I won Christmas. But not in the same way I usually win Christmas, which I usually measured statistically with measurable metrics like “most gifts” and “cost of gifts” and “percentage of list.” But not this year. This year, I measured it in here (pointing to my heart) and up here (pointing to my head).
We live in a material world and I try my best to fit into that world, worrying about (a) me, (b) myself, and (c) what other people think of me. I typically want other people to base their judgments on the things I have and the money they believe that I have. For most of my life, this worked out just fine. I walked around picturing everyone jealous of me.
Then, I approached 40 years old, then I turned 40, and then I went zipping right into my “40s” (the decade, not the beer bottles) and it all changed. I started to realize, nobody cares, Don. Nobody thinks about you and envies you as much as you hope they do. They have lives and families and concerns of their own.
I had to shift my entire world view. And with that came new (and probably healthier) perspective. Which brings me to my Christmas list.
My sister has laughed quite a bit about my Christmas wish-list. Everything on it was practical and boring (to the outside world). Usually my list is filled with items that make the outside world think I’m doing all sorts of awesome things …like dressing in high fashion and expensive clothes, or exercising and being awesome, or into expensive hobbies because I’m soooooo upper middle class. Not this year. My list, in a nutshell was (a) keep my feet warm, (b) help me sleep, (c) replace something I had and used up, and (d) drink – in style.
Guess what? When you ask for things, and get things, that enrich the lives of those around you, it’s actually way better.
My new world view is shifting to, if I get this, I can make Person(s) A happy by __________.
I got waterproof Bogs (slip on shoes) rated to 20 degrees below zero for walking the dog or for quick chores outside. This makes my life better by walking more. Makes my dog’s life better by walking more. Makes my wife’s life better because I don’t track dirt and mud into the house. Yes. I have running shoes. But on a 35 degree rainy day when the neighborhood is all puddles and wet grass, having these quick slip-ons is brilliant.
I got warm, boot high socks. I didn’t even know I wanted them, but my wife did, and they are cozy and warm and when it gets really cold (which I’m sure is coming soon), my feet will be warm (while walking that damn dog the kids wanted so badly …do you see them walking the dog? 10-9-8-7-6 …OK …I’m better).

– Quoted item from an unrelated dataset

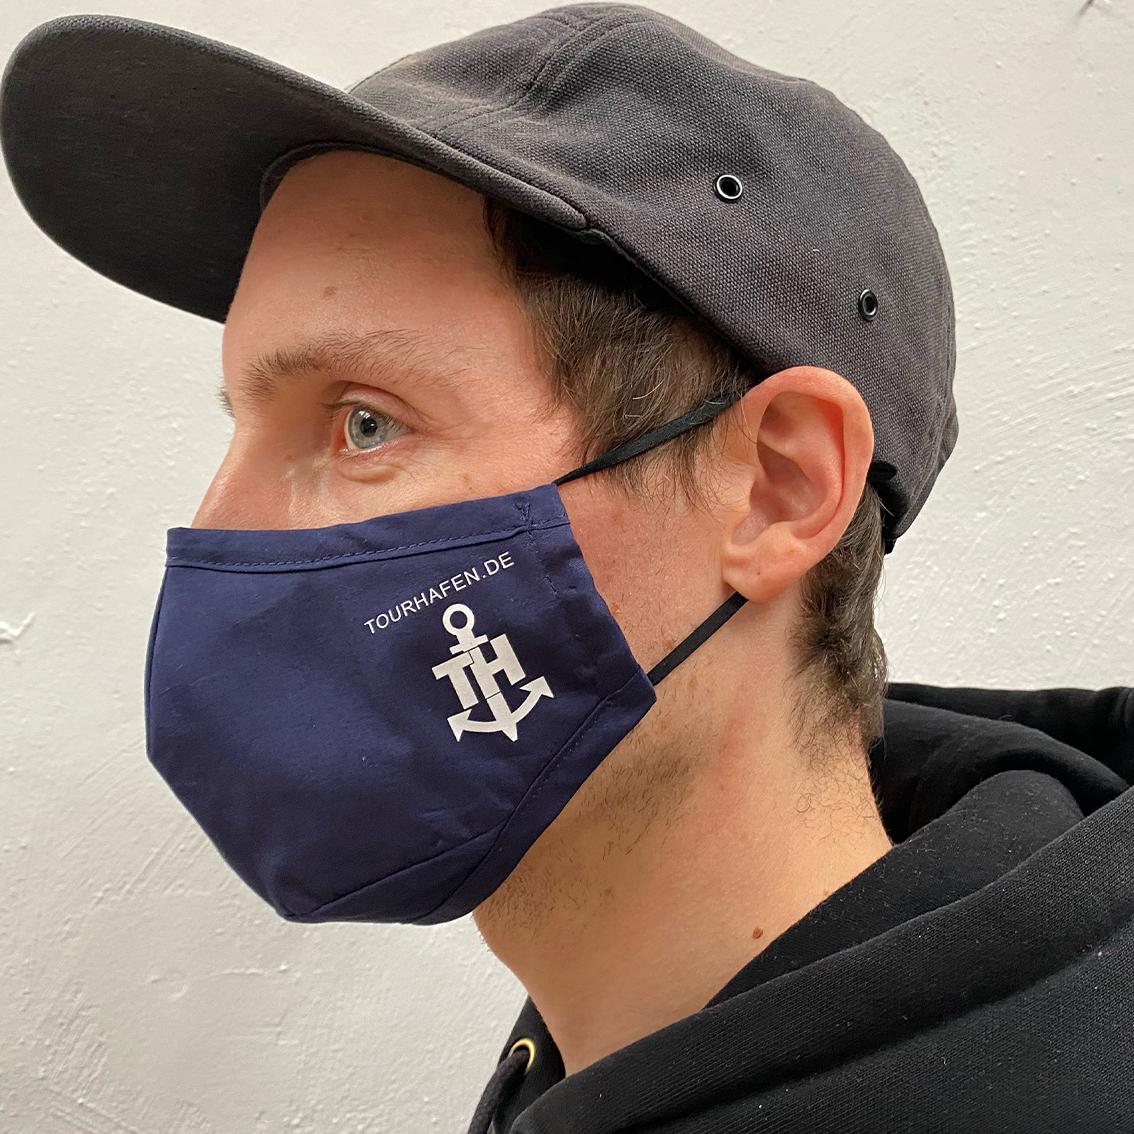 Tourhafen Tourhafen Facemask Face mask darkblue

I got a “#1 Dad” wallet, which means all my hard work in 2014 elevated me from “All American” to #1. Woo hoo! It’s probably because I bought this particular daughter a dog, come to think of it.

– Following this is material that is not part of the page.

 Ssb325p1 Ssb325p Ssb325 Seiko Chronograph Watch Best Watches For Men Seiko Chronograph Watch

I got Bedphones. Hey. I have trouble staying asleep. I was trying to fix it by (a) reading in bed whenever I woke up (which meant a 1/2 hour or more of wakefulness in the middle of the night). Or (b) I tried heading downstairs and sleeping in front of the TV, which meant bad sleep in the glow of a TV (that’s horrible). I (c) tried getting up and making lists (of the things I was worrying about). That didn’t help. But I found the best idea was to have a few (boring) audio books ready on my iPhone. When I wake, I quickly pop in the headphones, set the sleep timer for 30 minutes, and then try like hell to stay awake and listen. But when the book is something like the epic “John Quincy Adams” biography and it’s detailing the letters he received from his mother about how to dress in public …trust me …it’s a cure of insomnia. Sorry, history buffs …it was interesting, but not that interesting. Ear buds hurt my ear canals, so I read about these Bedphones wish are soft and lay gently against my ears, but not in my ears, and I can sleep on my side or back and I can’t really even tell I have earphones on.
And lastly, I got a new sea salt block for grilling and cooking (which I love and love doing it for my family and I love when my wife says, wow, this tastes so good), and my Secret Santa at work got me a growler (32 ounce beer bottle) which I can get filled at local breweries. I’m not a “craft beer” guy, and rarely will I pick up a bottle of micro brew, but the style and flair of bringing a growler into a brewery and having them fill it up …OK …so this was the one gift that still screamed, “look at me …I do cool things. Envy me.” The growler is cool.
Can this non-selfish, and non-ego gratifying outlook on gift-receiving last into the rest of my life? Not sure. But for now, getting things that improve my life and improve the lives of those around me …it feels pretty good.
What if I really adopted the motto …help others in order to help yourself. That sounds like a pretty good resolution. And I’ll hope, maybe, somebody reads this blog entry and doesn’t see it as self adulation, but maybe they say, hey, me too.